The mind seeks to define the infinite. In doing so it has used its own resources to bring down Supreme Truth in a simple and yet potent language. Scattered throughout the religious scriptures of India, parables and stories abound, weaving a colourful thread around the most profound spiritual truths of mankind. Handed down from parent to child these religious treasures of India remain a relevant force today.
Sivaprakasam Pillai, one of the earliest devotees to recognise the spiritual greatness of Bhagavan Sri Ramana Maharshi, commented "Sri Ramana Bhagavan has attained the state of Brahman without knowing the word Brahman." For it was not until years later, that books were brought to Sri Bhagavan by devotees, describing the very state he himself had intuitively experienced. With his pure and retentive memory, he retained the essence of all these books at a glance, and brought forth at a moment's notice, the perfect story or parable suitable to the occasion. In Sri Ramana's own words the beauty and wisdom contained in such stories are made ever more beautiful and the essence made even clearer.
Sri Bhagavan would not only tell the story but would act out the part to the delight of his devotees. If the story was particularly moving, tears would flow freely from his eyes. "Such was the attraction of these stories", Kunju Swami related, "that when we heard Sri Bhagavan beginning a story, even if we had heard it numerous times before, we would literally stop whatever we were doing and run to his side to hear it again" S. S. Cohen in Guru Ramana Relates, "Bhagavan Was reciting from memory a poem of a Vaishnava Saint, in which occurred the words, 'Fold me in Thy Embrace, O Lord', whereupon the arms of Bhagavan joined in a circle round the vacant air in from of him, while his eyes shone with devotional fervour and his voice shook with stifled sobs which did not escape our notice. It was fascinating to see him acting the parts he related, and being in such exhilarated moods as these." On another occasion while Bhagavan was reading and explaining a story about Tara Vilasam his eyes became full of tears and his voice became tremulous. It looked as if the whole drama was being enacted in his presence. Noticing this Suri Nagamma remarked, "Bhagavan appears to have been transformed into Tara herself." Pulling himself together the master said with a smile, "What to do? I identity. Myself with whosoever is before me, I have no separate identity. I am universal."
At the suggestion of Mrs. Lucia Osborne, we have included the incidents, which inspired Sri Bhagavan to relate the story. A few stories have been added, along with a glossary of Sanskrit and Tamil words. Special thanks must be made to Sri S. Tyagarajan who with great care went over the entire manuscript with Sri Kunju Swamigal. Sri Kunju Swamigal's unfailing enthusiasm and keen interest helped us greatly.

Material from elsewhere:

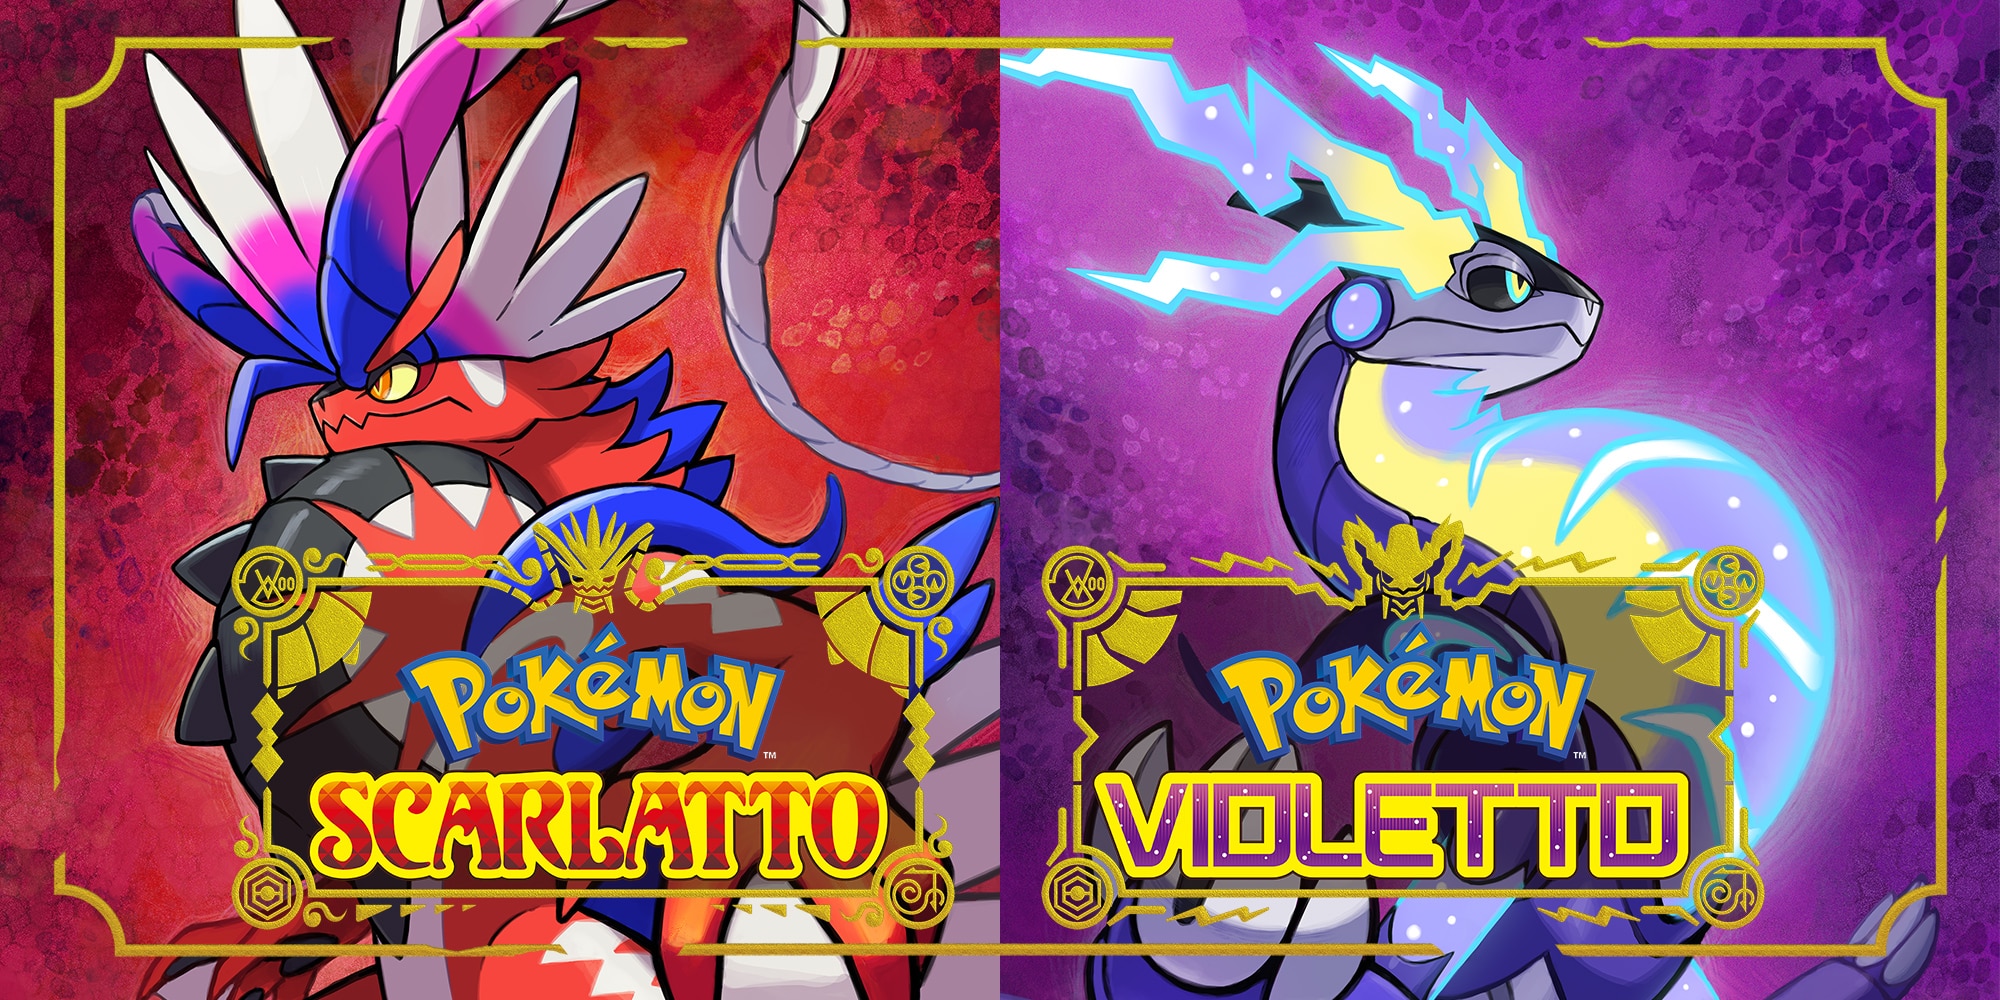 Pokémon Scarlatto e Violetto "distrutto" da Digital Foundry! 1

With deepest salutations this little work is offered to Sri Bhagavan, whose guidance, grace and love has prompted this collection of stories. We pray for the grace and blessings of Bhagavan Sri Ramana. May his words inspire us to turn within.
Back of the Book
While scripture can be potent medicine for the disease of samsara, spiritual stories are like delicious sweets giving us a direct and effortless taste of sublime spiritual truths.
Ramana Maharshi was a master chef who provided a divine feast for his devotees. Timeless parables and epic tales came alive with his gracious words and inimitable dramatizations.
"Such was the attraction of these stories," said Kunju Swami, "that when we heard Sri Bhagavan beginning a story. Even if we had heard it numerous times before, we would literally stop whatever we were doing and run to his side to hear it again.
May the seeker find both inspiration and guidance, entertainment and enlightenment in these classic stories as retold by our beloved Sadguru.